Reza Aslans Human God

Nice book review - wish I could post the whole thing.

THESE DAYS it may seem like people are abandoning religion to the fundamentalists, but they’re not. Religion has been around forever, and it’s not likely going anywhere soon.

In fact, the story of human religion begins before humans as we know them even existed. We’ve found Neanderthal caves with circular stone altars dating to 176 thousand years ago, which means religious expression is pre–Homo sapiens. Around 40 thousand years ago, we start seeing mythogramic caves in which our earliest ancestors made paintings that can be considered scripture. They initially painted mysterious dots, followed by palm prints, animals, and, around 18000 BCE, the first depiction of a god — The Lord of Beasts. This is where author, scholar, and multimedia force Reza Aslan begins his slim, yet ambitious book God: A Human History. It’s the story of how humans have created God with a capital G, and it’s thoroughly mind-blowing....


...With the idea of Jesus being God made flesh, early Christians had to account for some pretty tricky theology. How can God be both Jesus and God? Moreover, how can Yahweh — the jealous deity who gleefully calls for the slaughter of anyone who fails to worship him — be the same God of love and forgiveness who Jesus calls Father? Around the time the Gospel of John was being written, 100 CE, Marcion proposed a two-god theory known as ditheism. There must be two gods: the cruel creator God of the Hebrew Bible known as Yahweh, and the loving, merciful God who has always existed but revealed himself to the world for the first time in the form of Jesus the Christ. [3] We know that ditheism was eventually rejected in favor of Trinitarianism, and God became Three.

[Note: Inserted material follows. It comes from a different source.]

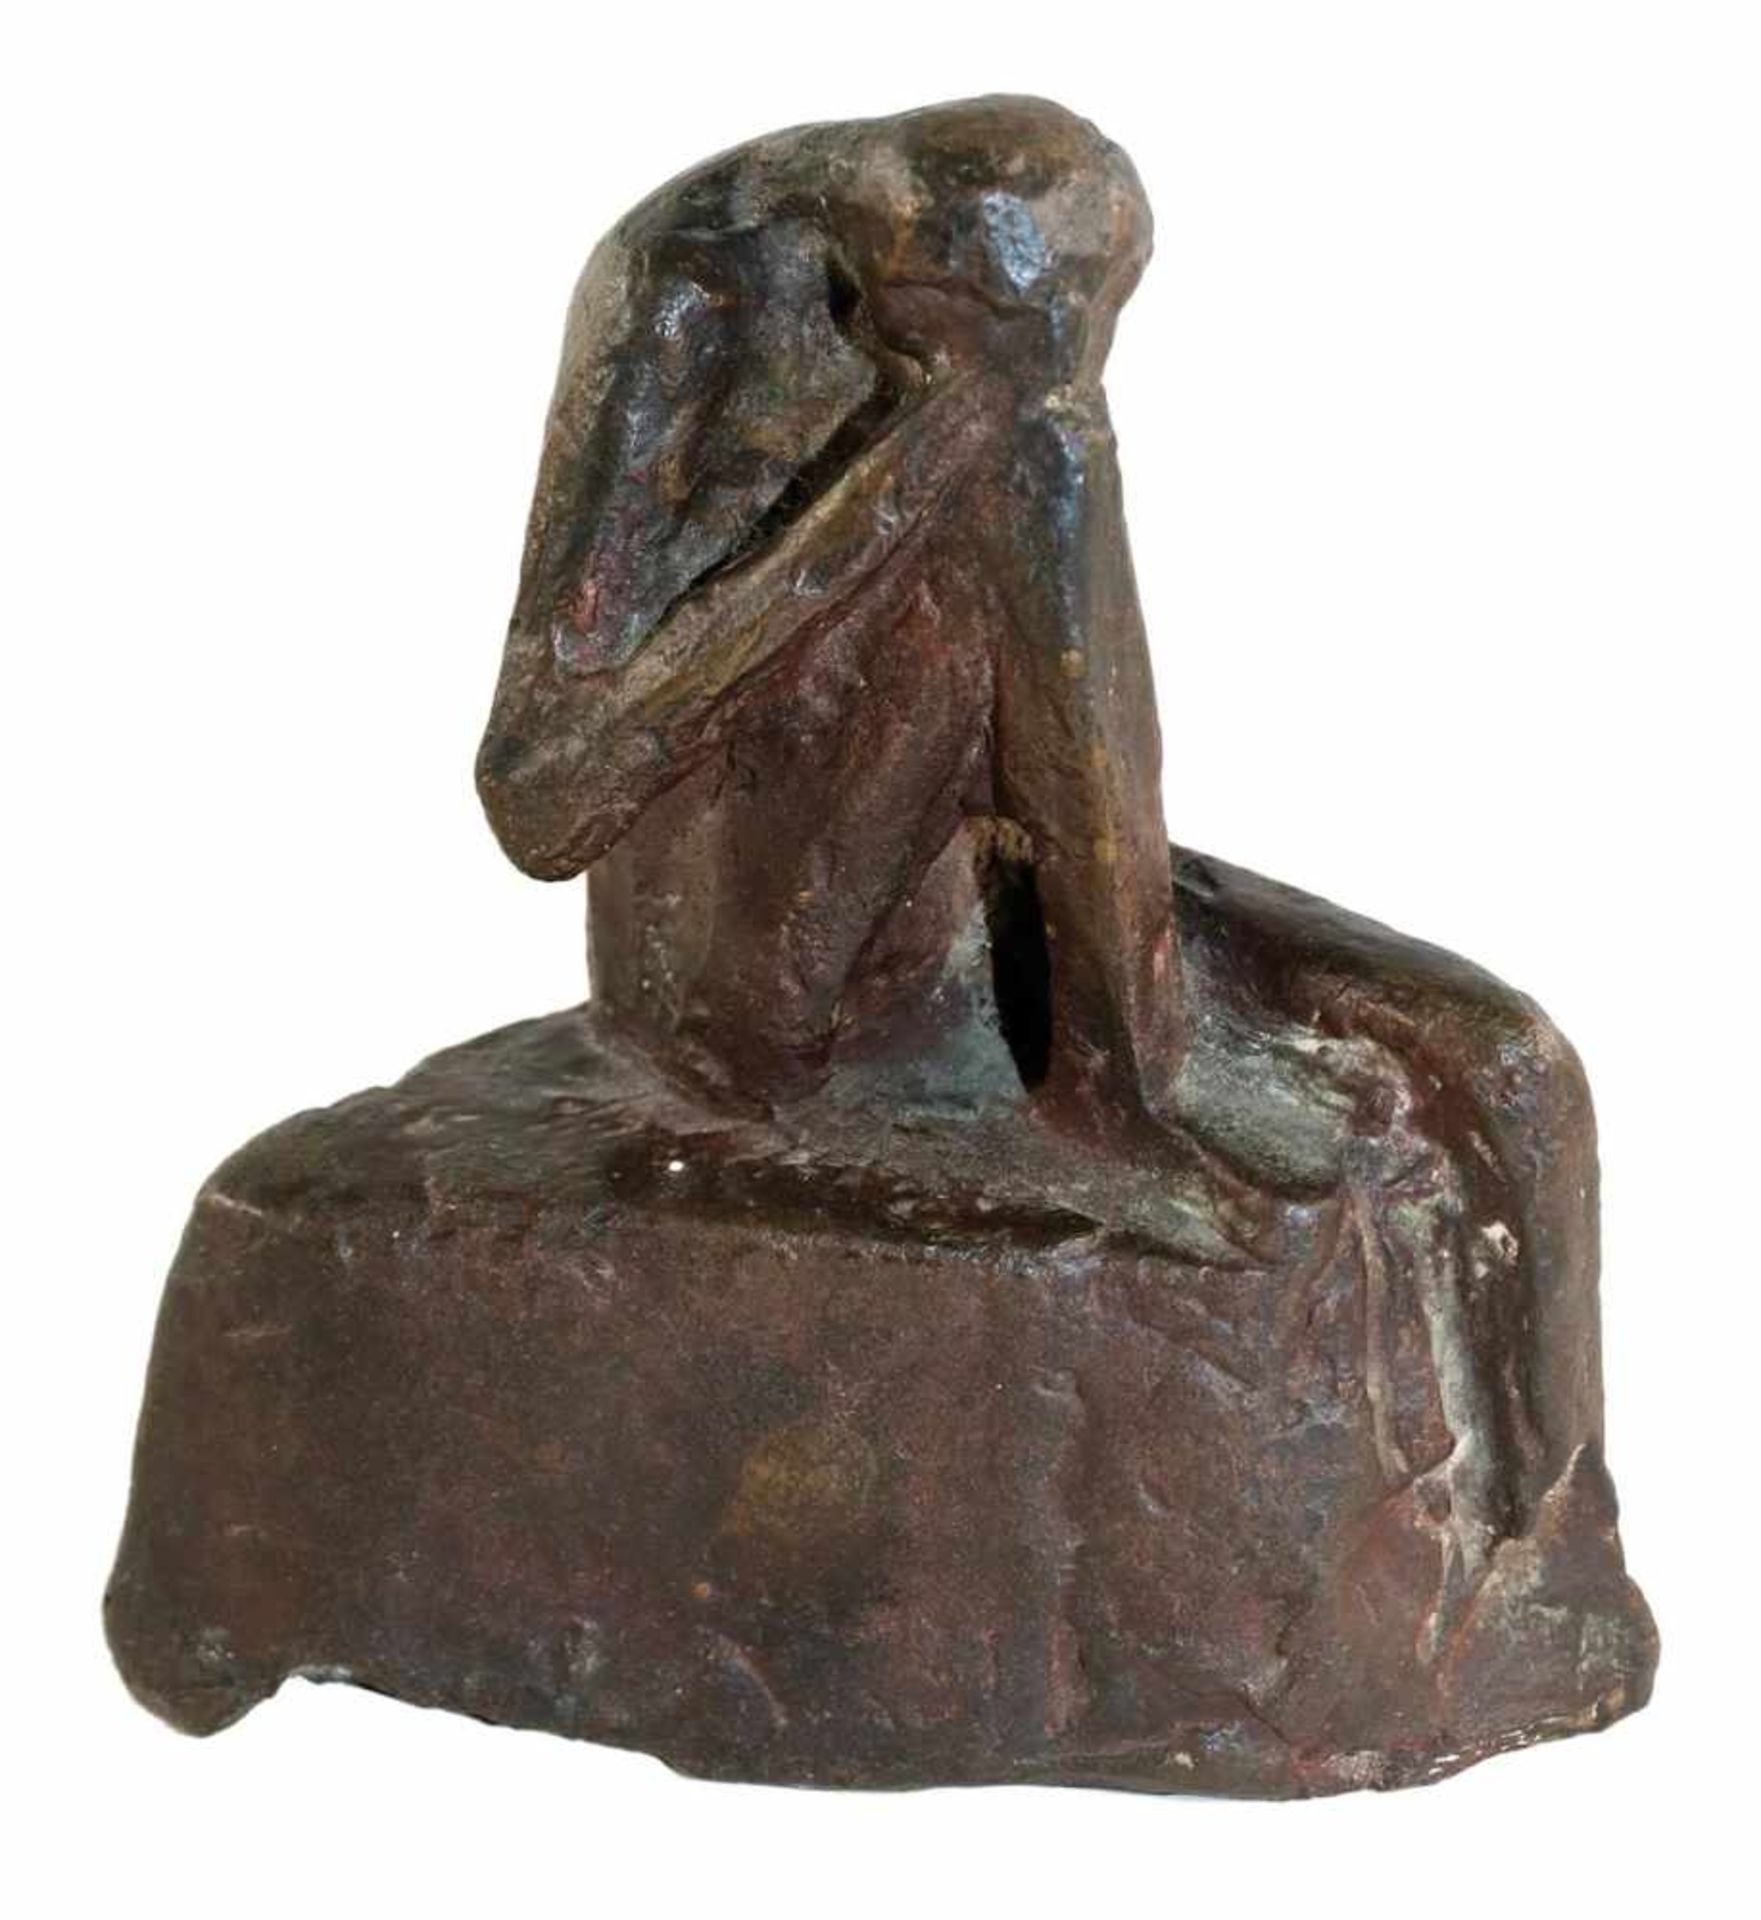 Sassen, Beatrix(1945 Vinsebeck). Kauernder. Bronze. Monogr. B.S. Datiert 64/87. 11,6 cm. Guß bei

Tertullian coined the word Trinity, and the Fathers of the Church clarified the matter: God is the Father, Son, and Holy Spirit, each of which existed at the beginning of time and share the same measure of divinity. Finally, things seemed to be all wrapped up.

But no. In seventh century Arabia, a 40-year-old shepherd turned merchant turned prophet named Muhammad received revelations from a god he called Allah, the only ancient Arabian god who seems to have never been represented by an idol. Muhammad identified this god with Yahweh and Elohim, saying it was really Allah all along. He devoted the rest of his life to replacing Zoroastrian dualism and Christian trinitarianism with the “Jewish view of God as One,” thereby making Islam the culmination of monotheism. Aslan closes the story with the Sufis and their pantheistic conception of God: interpenetrating the universe, God is all, and all is God. But then Aslan pushes it further by saying that since we project our humanity onto God, we are God. Each one of us....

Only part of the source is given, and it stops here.